N.B. Het kan zijn dat elementen ontbreken aan deze printversie.
Durf te vragen Niet álle vruchten kleuren bruin bij snijden of kneuzen.
Appelstukjes kleuren snel bruin. Het ziet er niet zo smakelijk uit, en smaakt ook wat muf. Ook gesneden banaan, avocado, aardappel en andijvie zijn al snel minder appetijtelijk. Hoe kan dat, en wat is eraan te doen?
Je appel roest, volgens een item van Schooltv. Bepaalde stoffen die bij elkaar komen, reageren met elkaar onder invloed van zuurstof. „Dat noem je oxidatie. De appel is als het ware aan het roesten.” Het verhaal klopt, maar het woord ‘roest’ wekt wellicht de indruk dat ijzer er iets mee te maken heeft. Dat is niet zo. Wel is oxidatie het sleutelwoord.
Appels, avocado’s en veel andere planten zitten barstensvol polyfenolen. (Voor de liefhebber: dat zijn chemische verbindingen die bestaan uit benzeenringen waar een of meer hydroxylgroepen aan hangen: staartjes bestaande uit een zuurstof- en een waterstofatoom.) Die polyfenolen vormen een grote, diverse groep met uiteenlopende eigenschappen. In grote lijnen beschermen ze de plant tegen ultraviolette straling, vraat door insecten en aantasting door schimmels en bacteriën. Polyfenolen dragen bij aan de smaak en kleur van veel voedingsstoffen. Er worden allerlei gezondheidseffecten aan toegekend, van bescherming tegen kanker en hart- en vaatziekten tot stimulering van nuttige darmbacteriën.
Reeks reacties
Deze polyfenolen bevinden zich vooral in de celwanden van planten. Zodra zo’n cel beschadigd raakt, bijvoorbeeld door snijden of kneuzen, komen ze in aanraking met de inhoud van de cel. En daarin bevinden zich enzymen, zogeheten polyfenoloxidasen, die de polyfenolen afbreken met hulp van zuurstof. Daarbij ontstaan allerlei chinonen: stoffen die giftig zijn voor insecten en micro-organismen, maar ook een – nog veelal onbegrepen – rol spelen in het metabolisme van cellen.

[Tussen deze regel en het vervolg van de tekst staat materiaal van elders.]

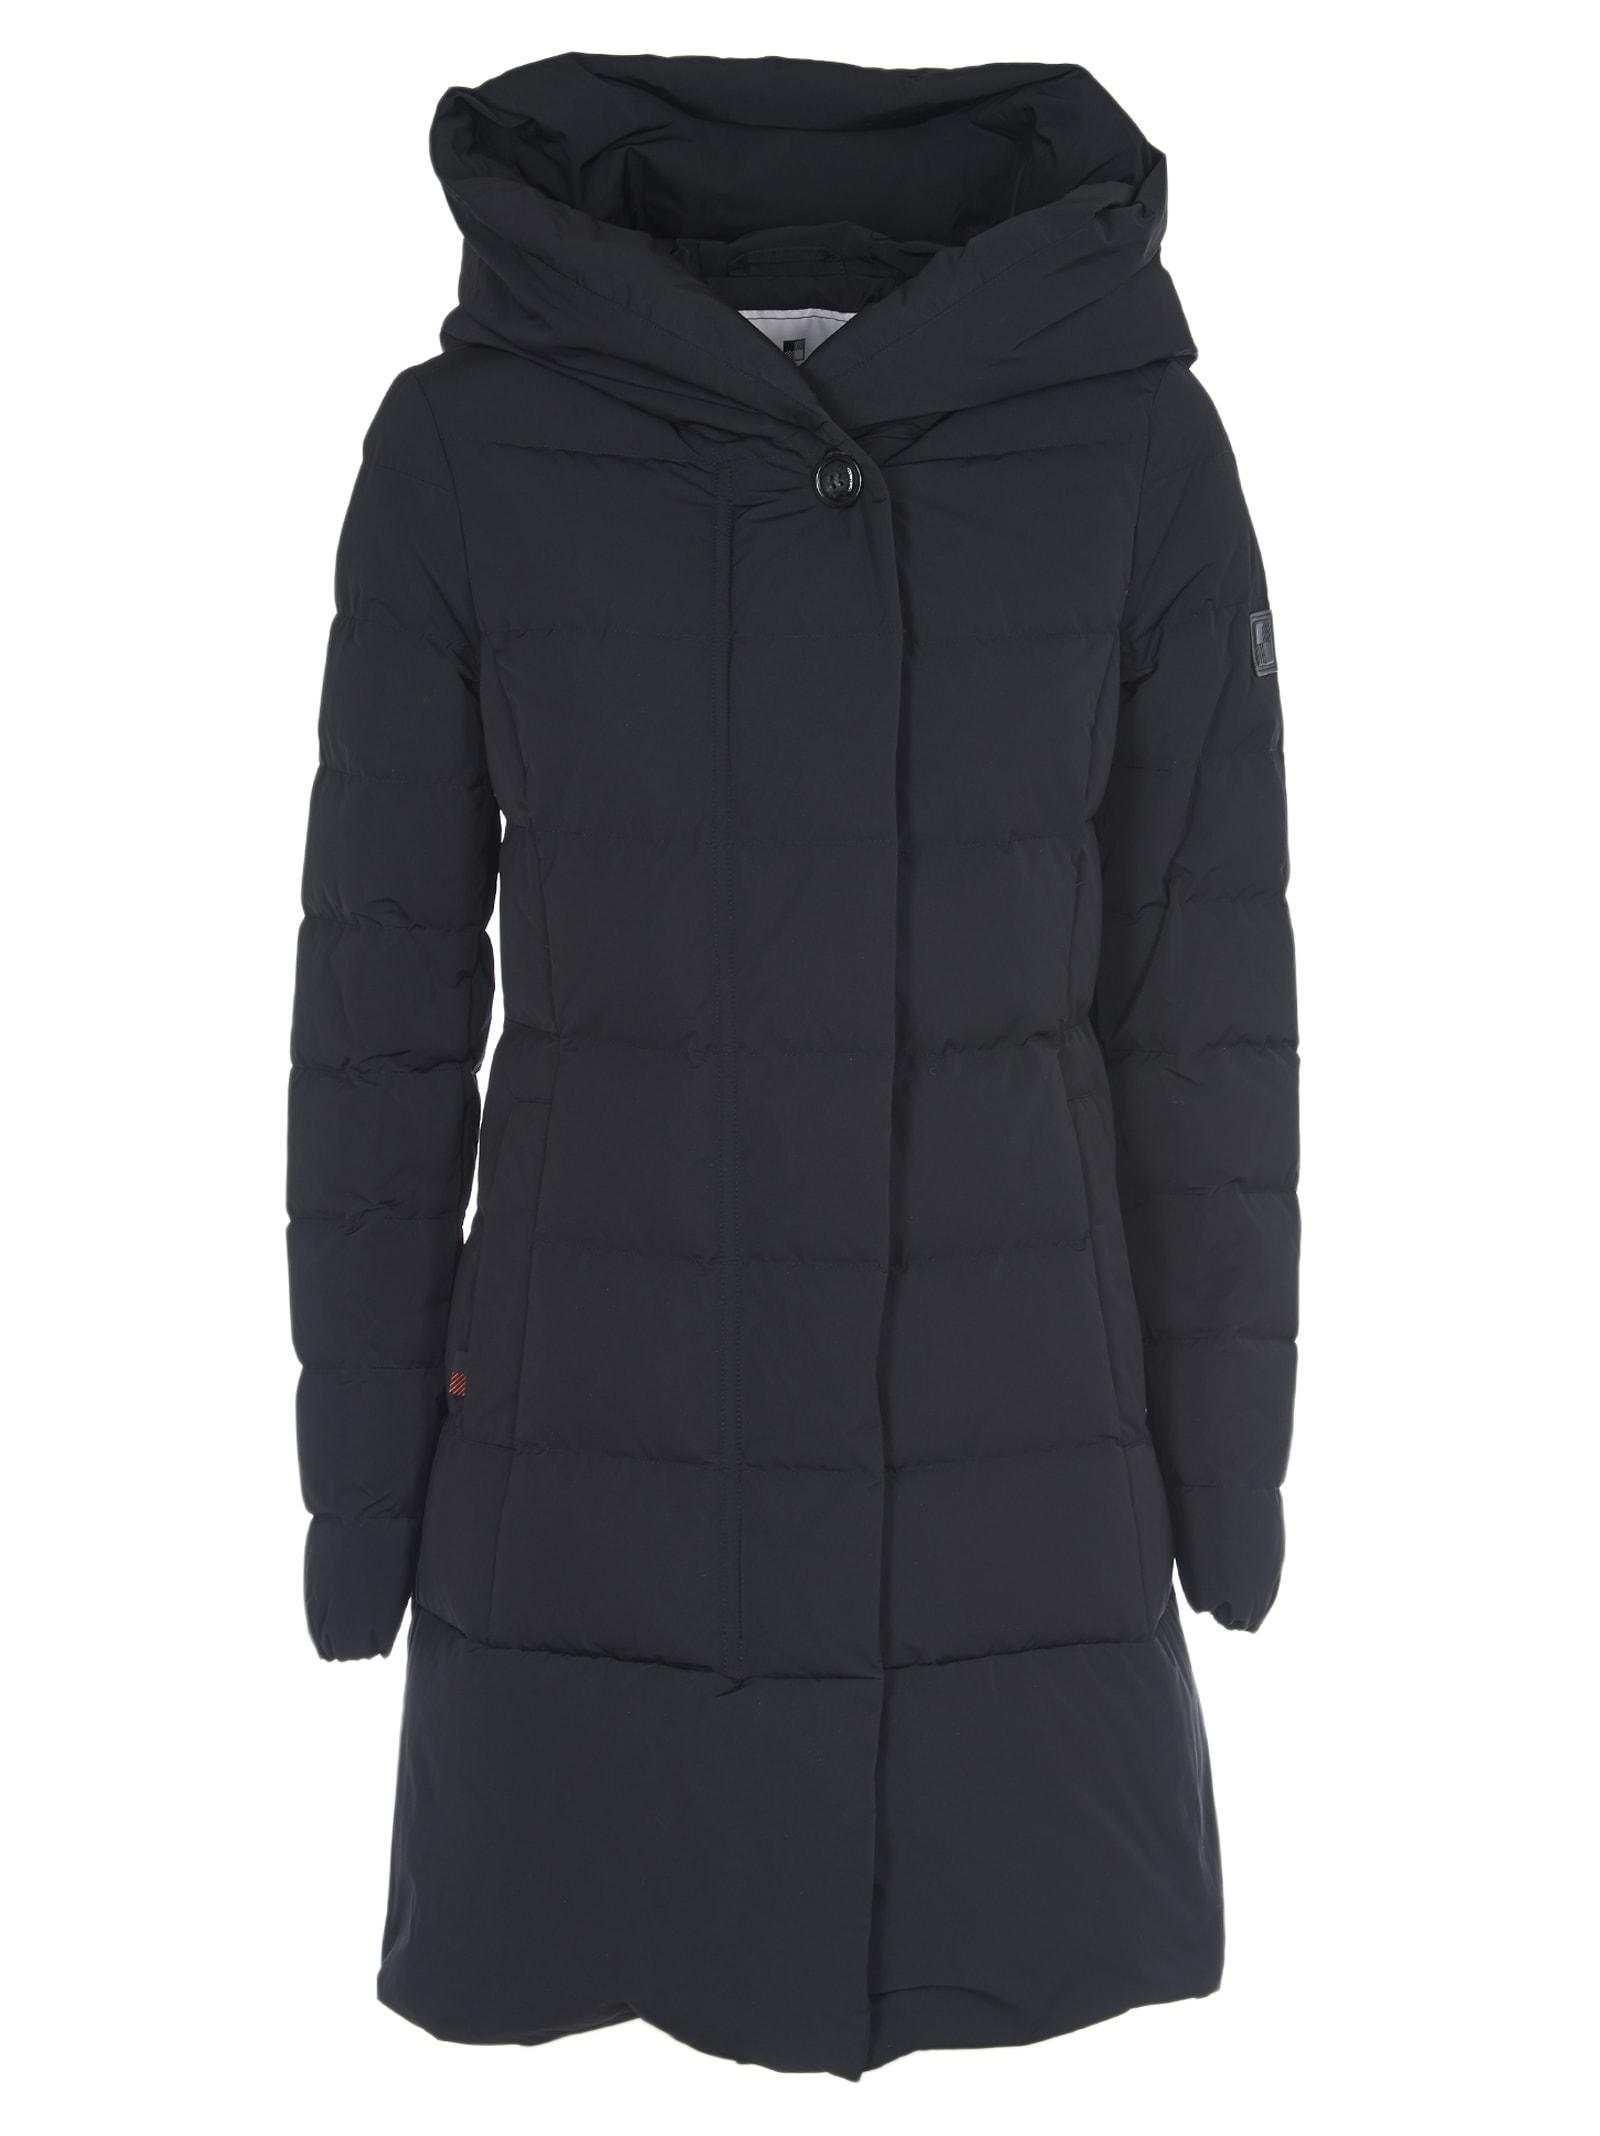 Woolrich Black Puffy Prescot Parka

Maar vanwaar nu die bruine kleur? De chinonen worden in een verdere reeks reacties omgezet in andere stoffen, waaronder allerlei bruine pigmenten: melaninen. Die kennen we ook van onze eigen bruining in de zon. De rol van melaninen in planten is nog niet helemaal opgehelderd (het zijn „de meest raadselachtige pigmenten van planten”, volgens een review in Frontiers in Plant Science), maar helpen in elk geval bij de bescherming tegen vraat en bederf.

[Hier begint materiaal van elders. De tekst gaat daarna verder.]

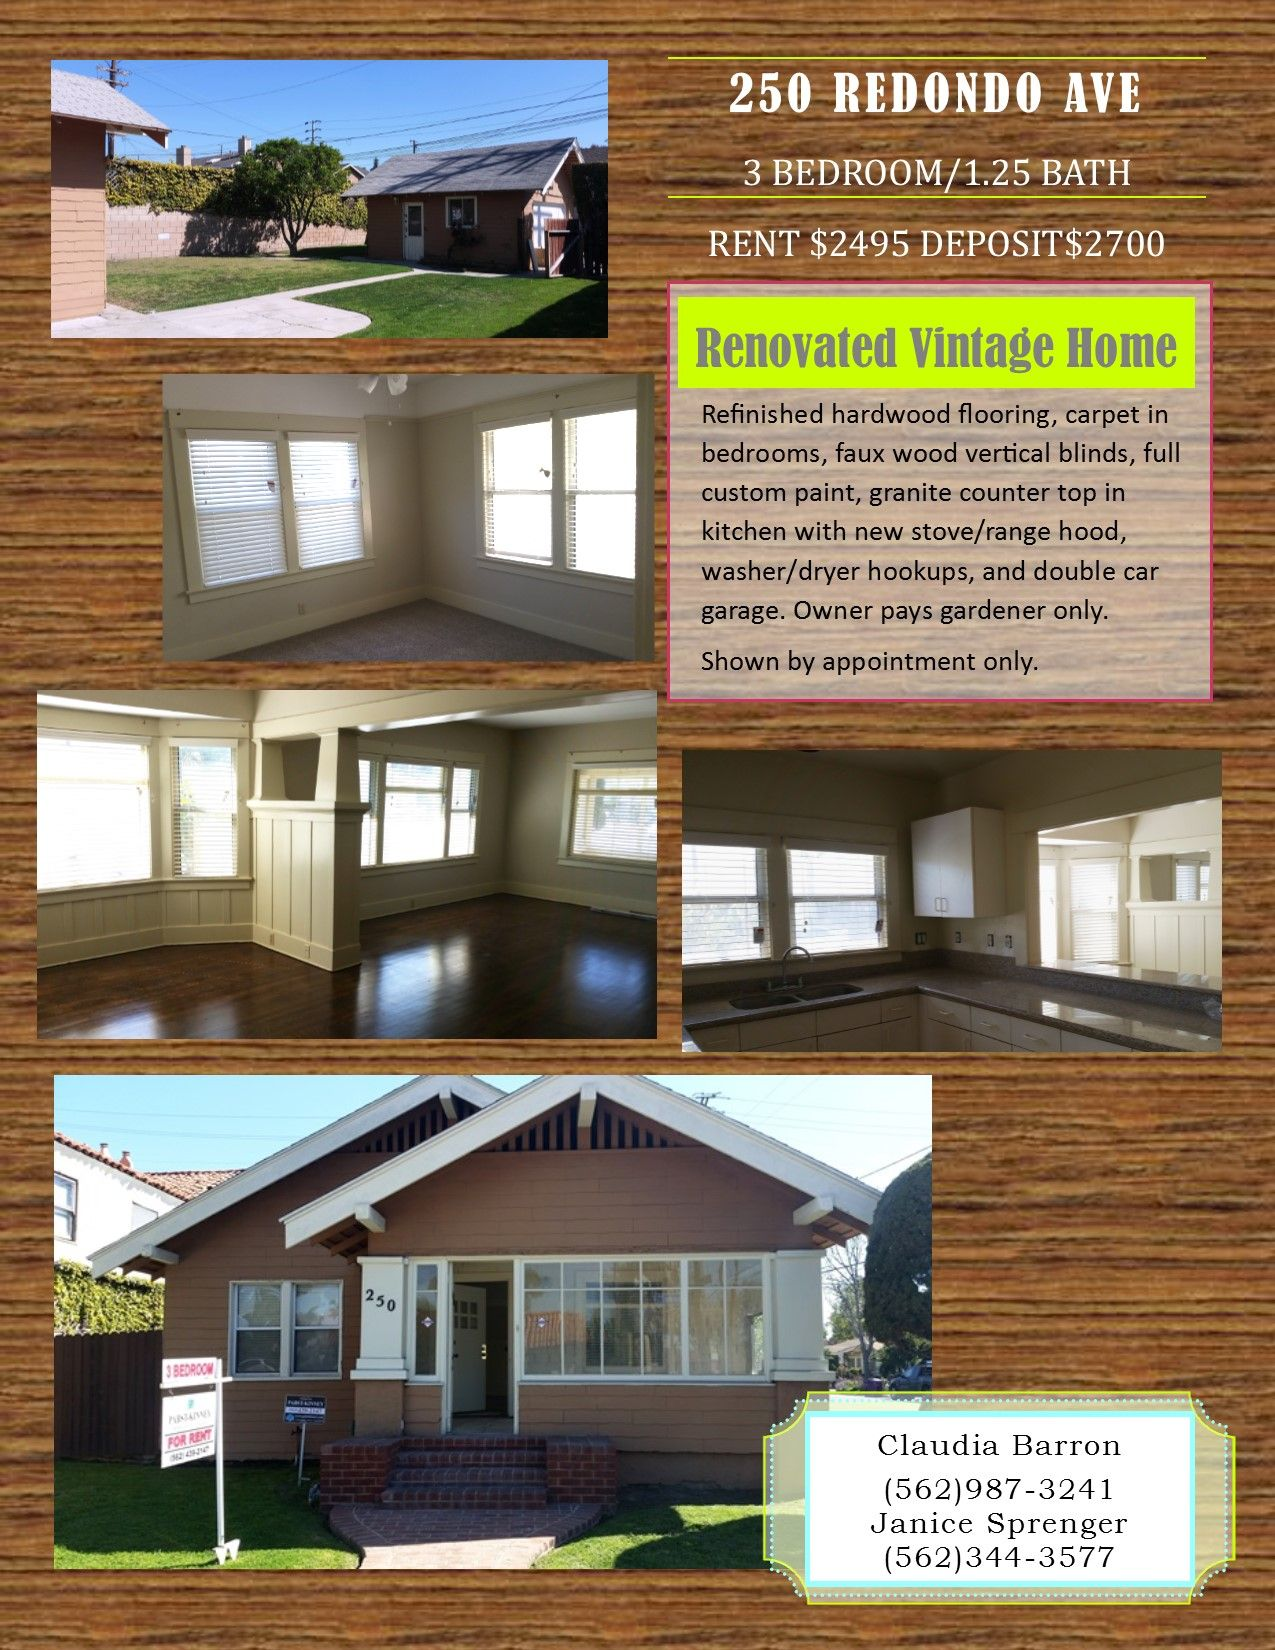 167b891e01b579039b85a2ef69c94156 - House For Rent By Owner In Bell Gardens Ca

Wie nu de bruining van zijn appelstukjes wil voorkomen, kan er bijvoorbeeld citroensap, sinaasappelsap, zure frisdrank of een vinaigrette overheen sprenkelen. De zuren maken het enzym polyfenoloxidase kapot. De ‘actieve plek’ van het enzym verliest namelijk zijn koperionen naarmate de omgeving zuurder wordt. Daarmee neemt de activiteit van het enzym af.
Andijvie blancheren
Die activiteit is ook afhankelijk van andere chemische factoren. Dat verklaart waarom niet álle vruchten bruin kleuren bij snijden of kneuzen, terwijl ze wel allemaal polyfenolen bevatten, in grotere of kleinere hoeveelheden. Paprika is bijvoorbeeld niet heel zuur, maar verkleurt nauwelijks na het snijden.
Dat verklaart waarom je ook op andere manieren de bruining kunt voorkomen. Je kunt je voedsel verhitten (blancheren houdt andijvie bijvoorbeeld frisgroen; de appelstukjes op je taart blijven frisgeel), in zout water leggen, invriezen, of bewaren zonder zuurstof (bijvoorbeeld in vacuümverpakking).

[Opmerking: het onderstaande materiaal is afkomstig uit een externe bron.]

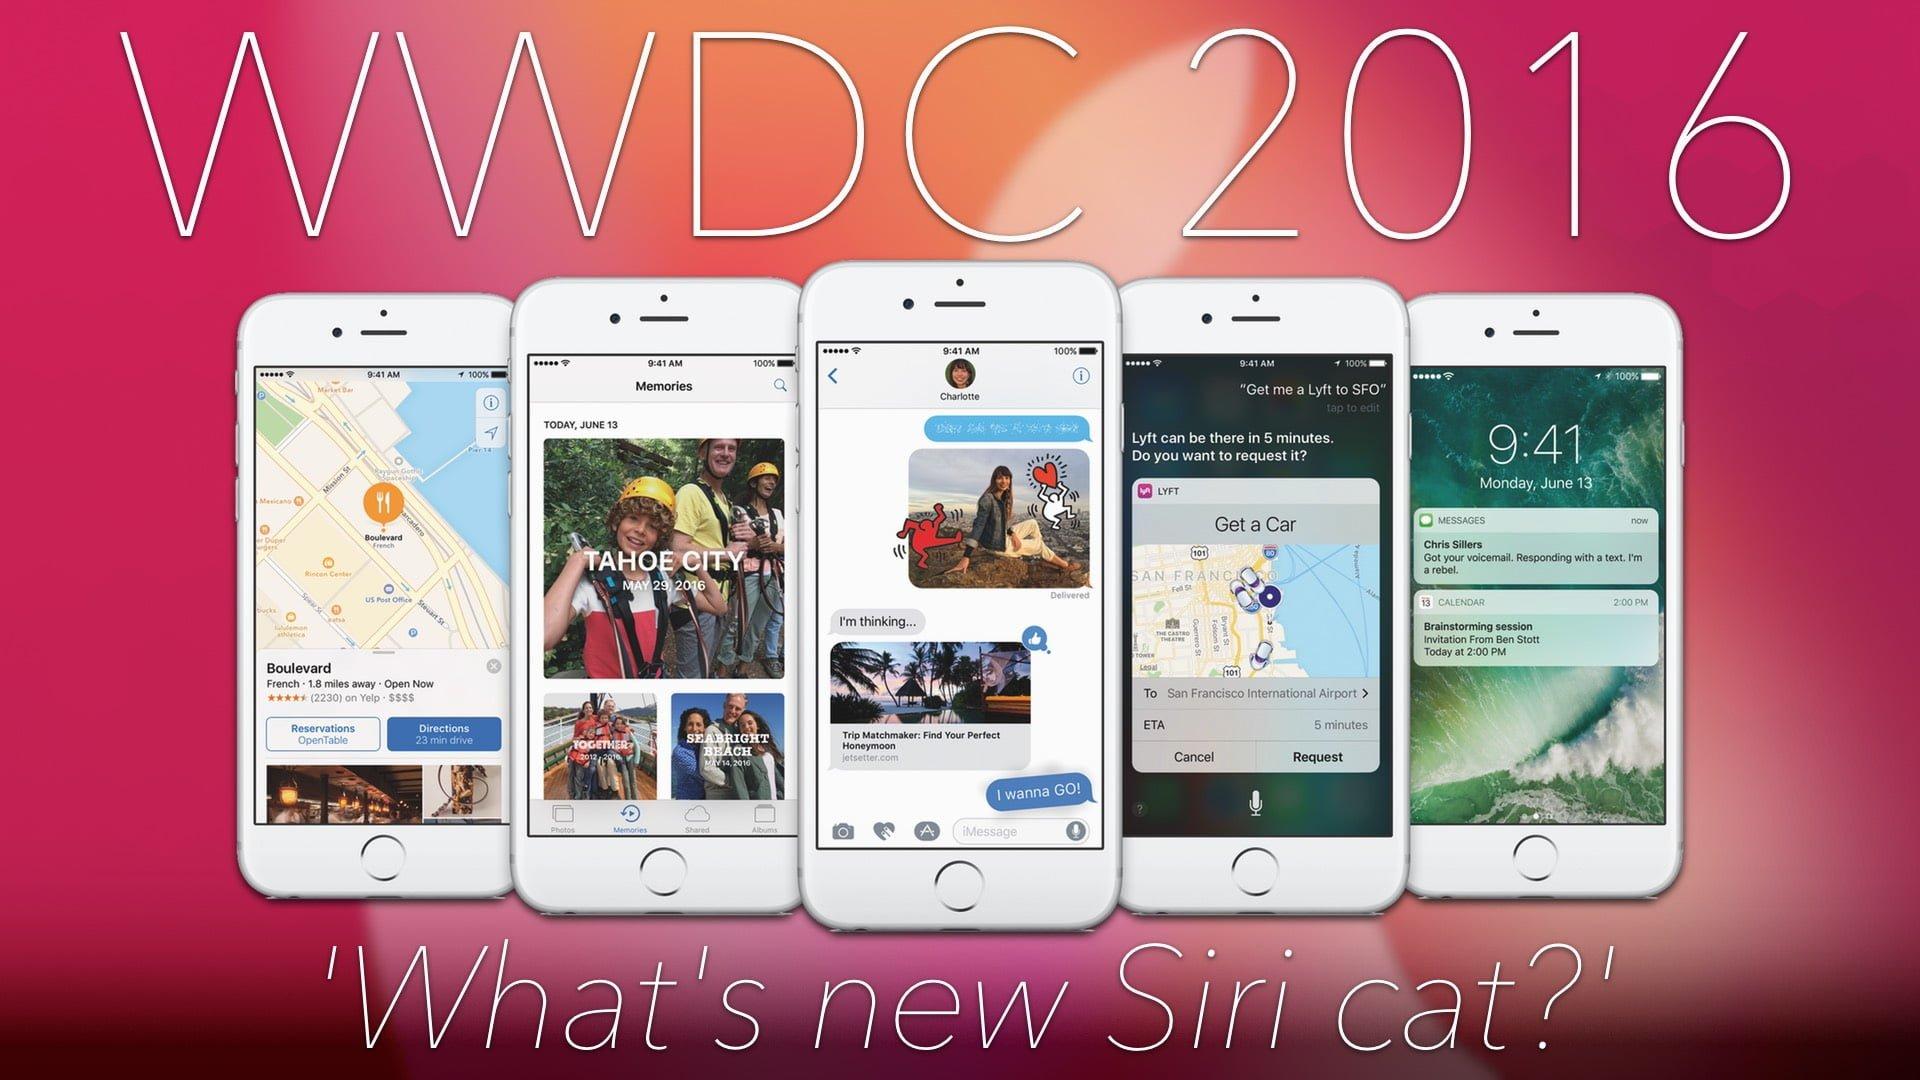 Post WWDC 2016

Soms vinden we die enzymatische bruinkleuring overigens juist wél wenselijk. Koffie, thee en chocola danken hun typische smaak en bruine kleur bijvoorbeeld deels aan de oxidatie van polyfenolen. Hetzelfde geldt voor gedroogde zuidvruchten, zoals rozijnen, dadels en vijgen. Daar is niks aan als je de enzymen eerst kapotmaakt.